Dataset excerpt ▸
*****

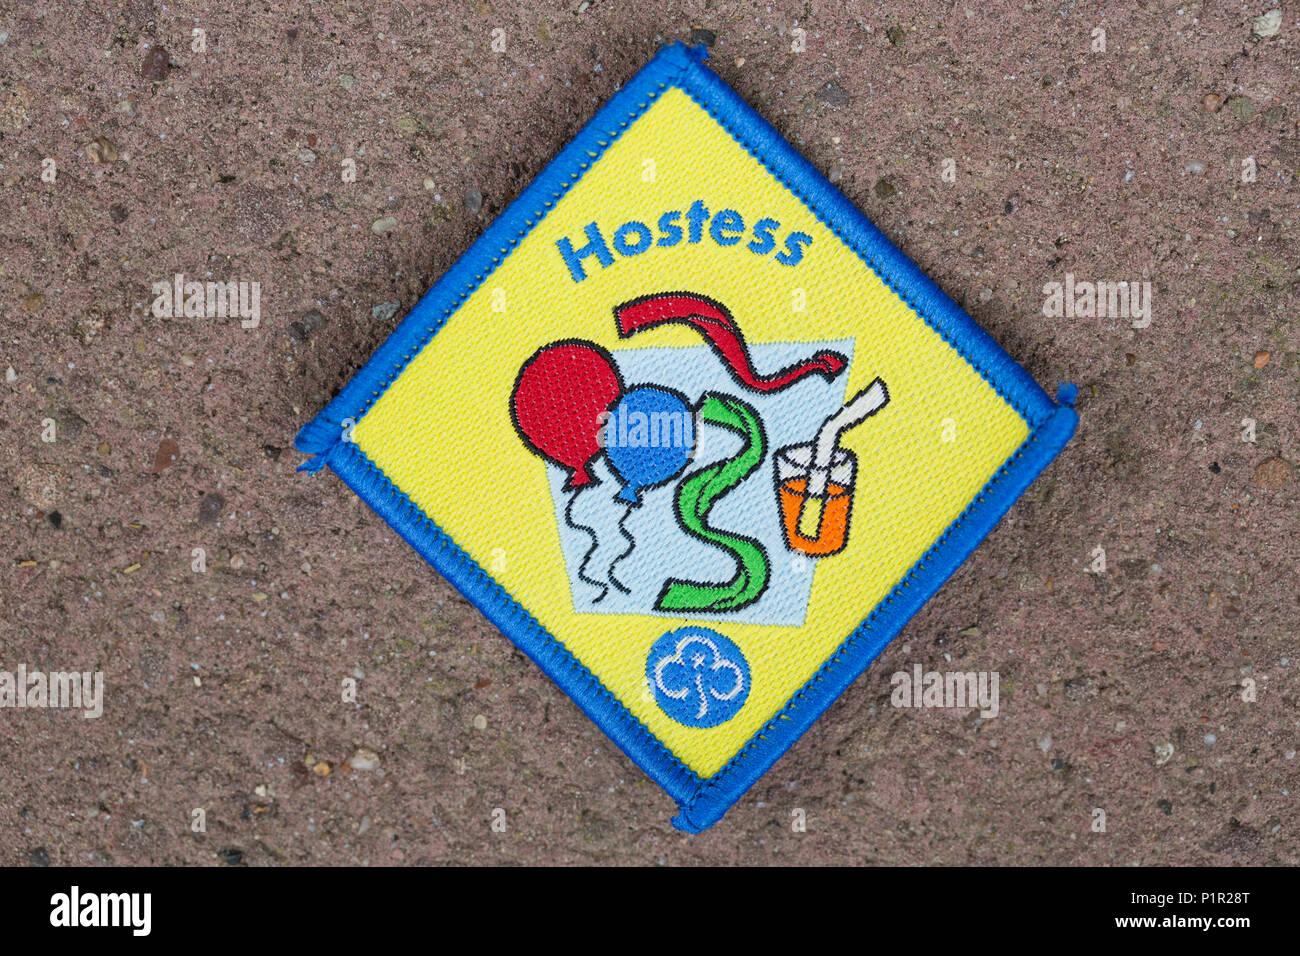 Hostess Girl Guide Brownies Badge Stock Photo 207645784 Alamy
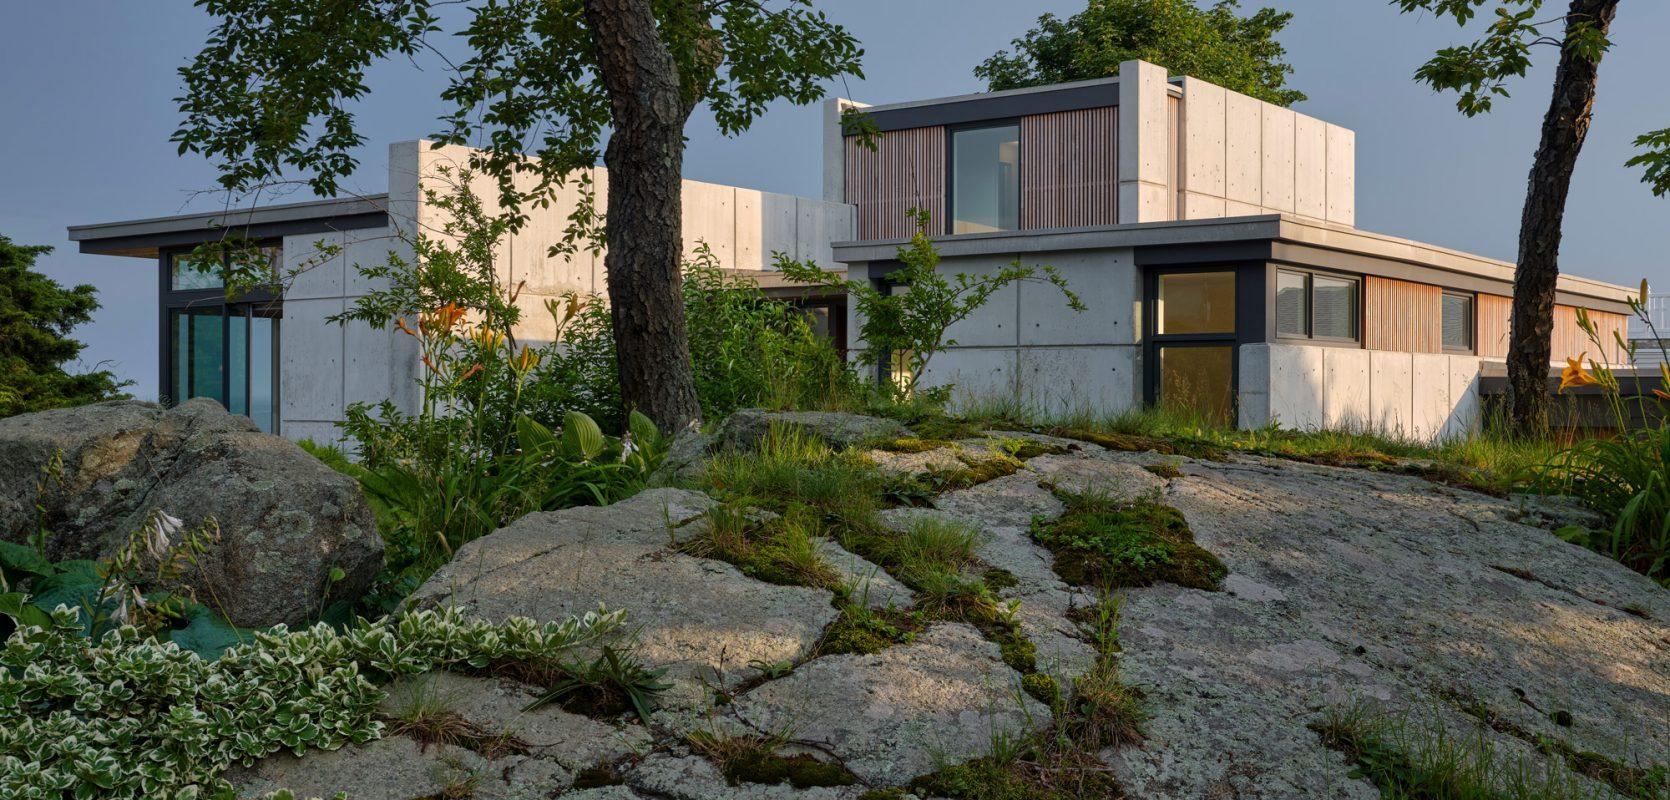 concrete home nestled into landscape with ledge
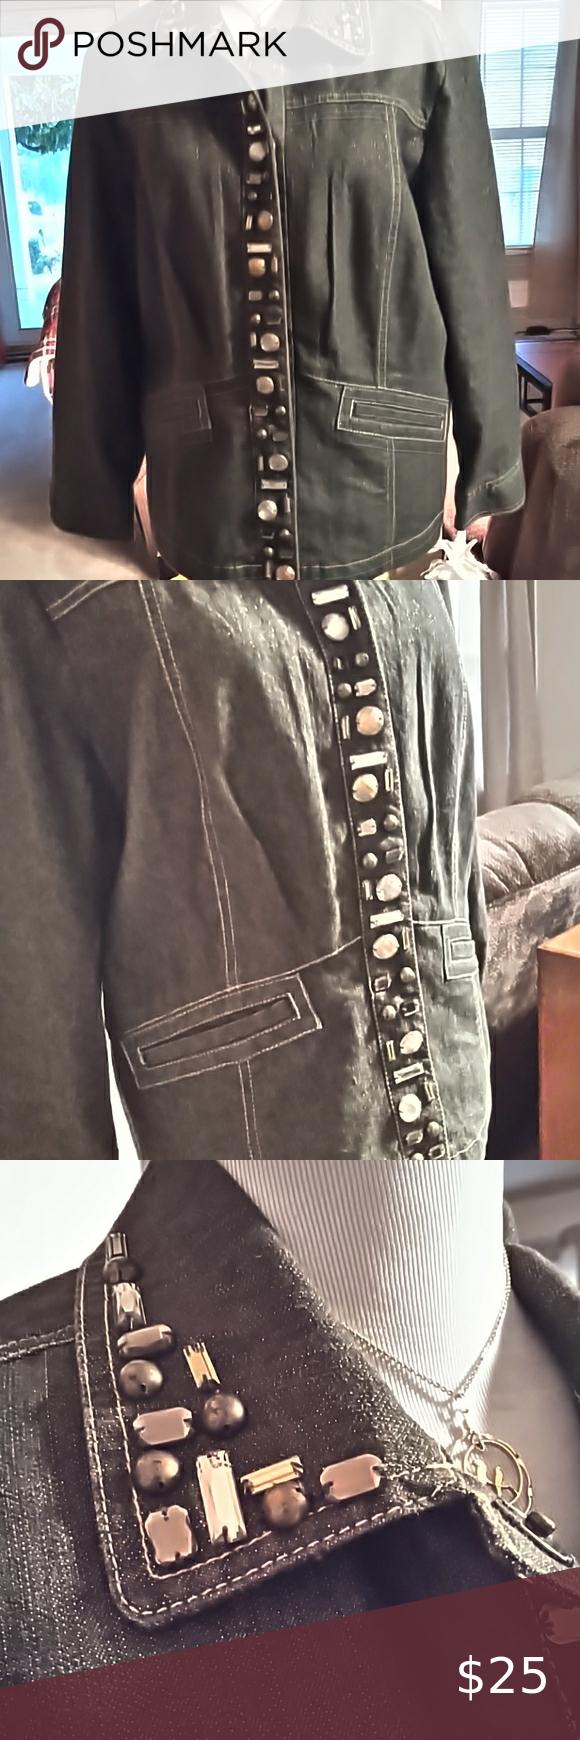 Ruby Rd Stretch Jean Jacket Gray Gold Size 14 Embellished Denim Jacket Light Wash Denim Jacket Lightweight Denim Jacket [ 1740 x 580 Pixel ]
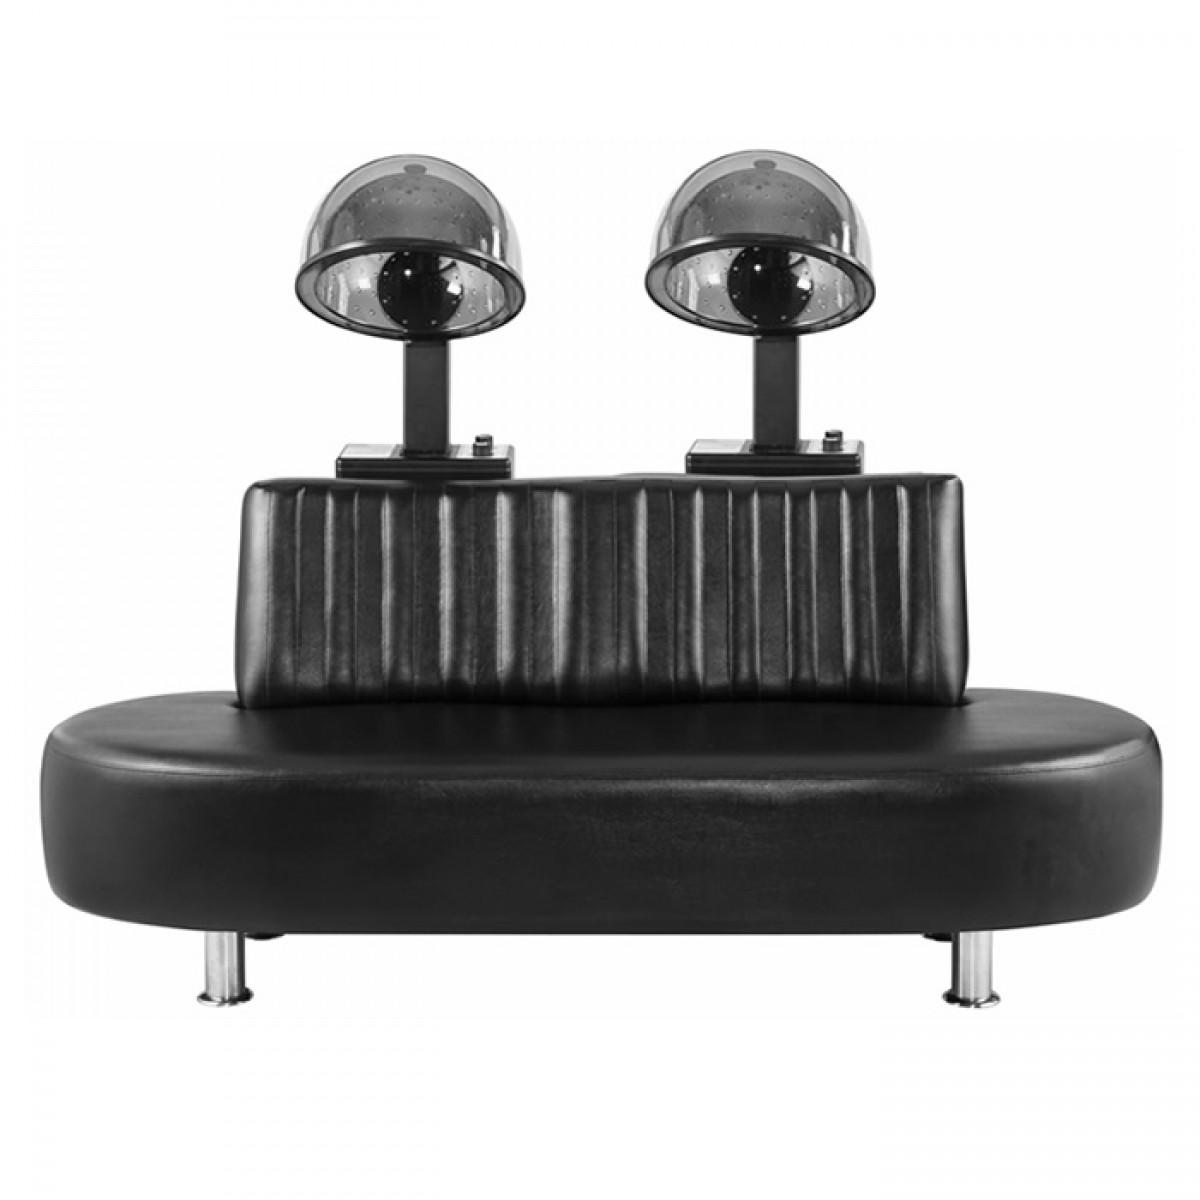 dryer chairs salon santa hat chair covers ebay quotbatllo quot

*****

Work required ▸
Please retype the data exactly. The pictures do not go in.

Solved exercise ▸
 Hostess Girl Guide Brownies Badge Stock Photo 207645784 Alamy
 concrete home nestled into landscape with ledge
 Ruby Rd Stretch Jean Jacket Gray Gold Size 14 Embellished Denim Jacket Light Wash Denim Jacket Lightweight Denim Jacket [ 1740 x 580 Pixel ]
 dryer chairs salon santa hat chair covers ebay quotbatllo quot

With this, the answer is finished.